Збигнев Цыбульский был мифом нескольких генераций.
Десятки юношей признавались своим девушкам в любви теми же словами, которые говорил Цыбульский своей возлюбленной в разрушенном костеле. Этой популярностью он обязан Вайде, потому что именно в “Пепле и алмазе” он предстал в образе польского Джеймса Дина, гибнущего парня из АК, который любит жизнь и хочет жить. Его смерть в фильме была тем большей трагедией, что он жаждал жить. Эта смерть возвращала достоинство тем, кто пережил смерть своих друзей и продолжал любить жизнь.
Но он умер и в действительности.
И Анджей Вайда решил сделать фильм о легенде поколения – актере, идоле общественности, символе проигравшего поколения. Каким был сам Вайда…
Этот прекрасный и волнующий фильм о Збышке Цыбульском одновременно является и раздумьем художника о собственном искусстве, о кино, о сути своей профессии. Фильм о фильме и о людях кино, с их подверженностью моде, увлеченностью игрой с общественностью. Это фильм очень личный и автобиографический; очередной великолепный фильм о собственной генерации, которая оказалась в теневой полосе…
Героями “Невинных чародеев” и “Всего на продажу” были ровесники Вайды. Как и в фильме “Без наркоза” (1978). Но эта картина стала своеобразным, совершенным в атмосфере напряженного нравственного поиска саморасчетом Вайды с собой ранним, избегавшим заангажированности.
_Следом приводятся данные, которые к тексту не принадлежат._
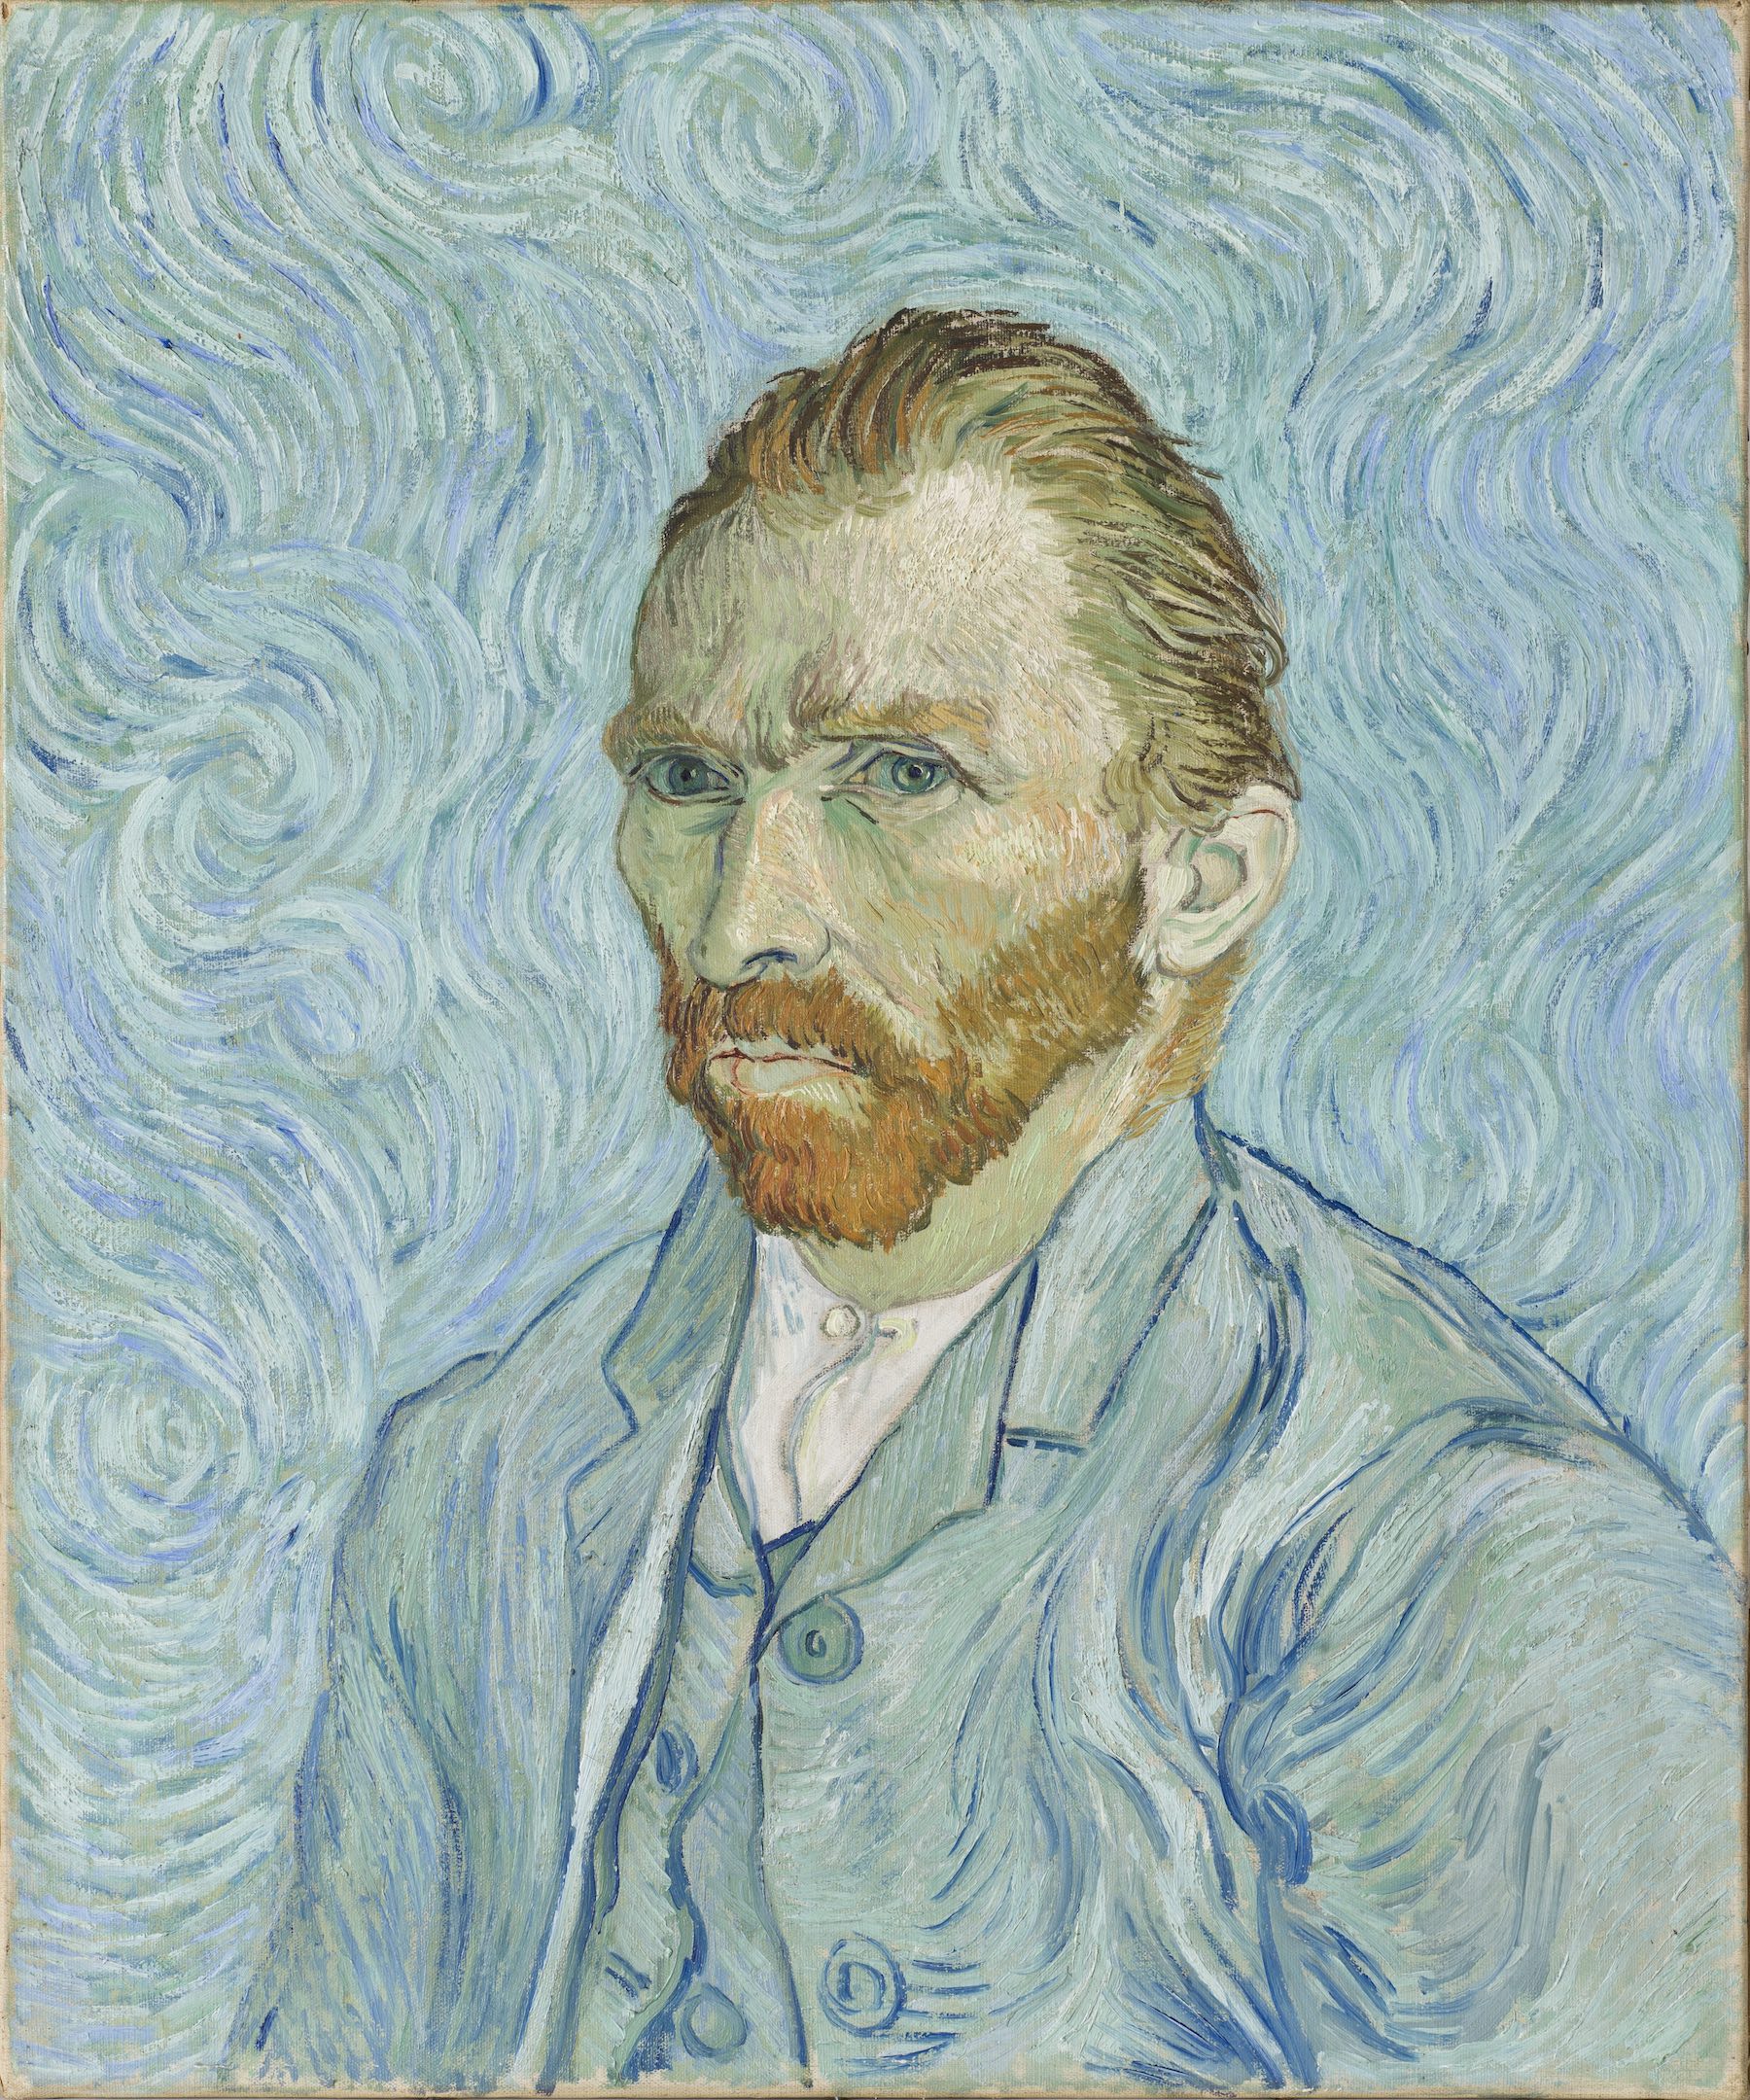 Vincent van Gogh (1853-1890), Autoportrait, 1889. Huile sur toile, 65 x 54 cm. Paris, musée d’Orsay. Photo service de presse. © Musée d’Orsay, dist. RMN / P. Schmidt

Художник на этот раз самым непосредственным образом вторгся в действительность…
Михаловский, герой “Без наркоза”… это человек успеха, мало характерного для ПНР, поскольку прежде всего эта успешность – его собственная заслуга. Вайда наделил своего героя элементами собственной биографии: юность, связанная с активной деятельностью в молодежной организации, затем принятое в стране постепенное восхождение по общественным ступенькам, наивная чистота веры в правду и внутренняя свобода, а также убежденность, что жить нужно достойно –
хотя бы для собственных детей.
Режиссер обрек своего героя на полный проигрыш, в его системе ценностей и образе жизни уже не оставалось места ни на соглашение с политическими дебоширами новой генерации, ни на настоящий бунт. Режиссер прекрасно понял новую дилемму, которая появилась перед ним вместе с КОР-ом и демократической оппозицией: игнорировать эту оппозицию или поддержать ее?
Писатель, ученый, художник, подписывавший коллективное обращение к властям в связи с политическими заключенными или цензурными ограничениями, рисковал, что окажется в “черном списке” преданных анафеме. И более того: можно было потерять возможность снимать фильмы, работать в театре, выпускать книги, преподавать в вузе. Вайда смотрел на молодых оппозиционеров с чувством, в котором мешались недоверие и восхищение. Он восхищался их отвагой и решимостью, но не верил в возможность достижения цели. Да и как можно было поверить, что может быть победительным вызов, брошенный всей мощи советской империи?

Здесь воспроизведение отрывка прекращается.